The two are not the same thing. A data breach is a specific, well-defined event with a clear legal trigger: personal data has been compromised. An AI incident is broader, less predictable, and potentially more damaging. It might be a data breach caused by an AI vendor mishandling training data. It might be an AI system that produced a discriminatory hiring decision. It might be a hallucinated AI output that found its way into a client contract. It might be an employee using an unapproved AI tool that silently exfiltrated sensitive files.
Each of these scenarios carries different legal obligations, different timelines, and different remediation paths. None of them fit cleanly into a standard IT incident response template.
This playbook gives CEOs, CTOs, DPOs, and Heads of Operations a structured approach to AI incidents — from detection through to regulatory notification and operational learning. It is calibrated to SME scale: actionable with a small team and no dedicated AI legal counsel.
The Foundation: What Counts as an AI Incident
Before you can respond to an AI incident, you need a shared definition of what one is. This is not a bureaucratic exercise. Without a clear definition in your AI use policy, staff will not know when to escalate, and you will not have a consistent record for regulatory audit.

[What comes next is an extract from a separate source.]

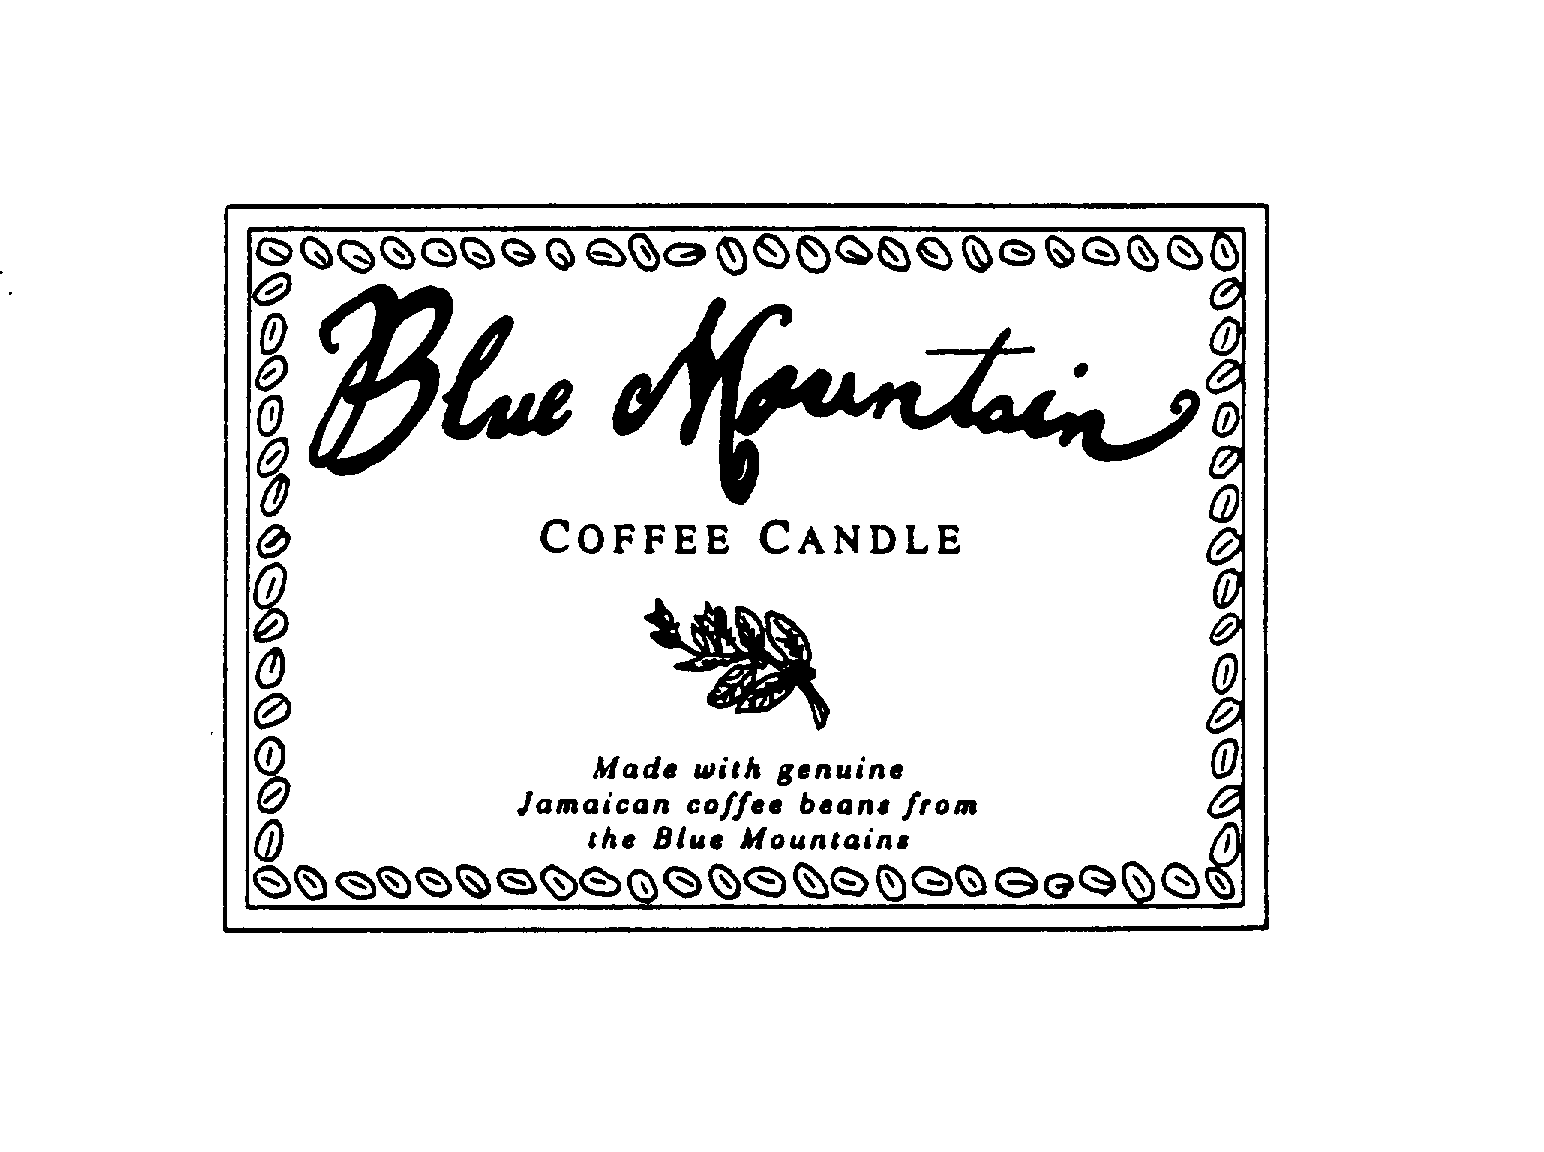  BLUE MOUNTAIN COFFEE CANDLE MADE WITH GENUINE JAMAICAN COFFEE BEANS FROM THE BLUE MOUNTAINS

A working definition for most European SMEs: an AI incident is any event where an AI system produces, enables, or contributes to an outcome that causes harm or creates legal, regulatory, or reputational risk for the organisation or its stakeholders.
Harm includes: personal data exposure, discriminatory treatment, material financial loss, operational disruption, and reputational damage. Legal risk includes: regulatory notification obligations, contractual breach, and exposure to subject access requests or data subject complaints.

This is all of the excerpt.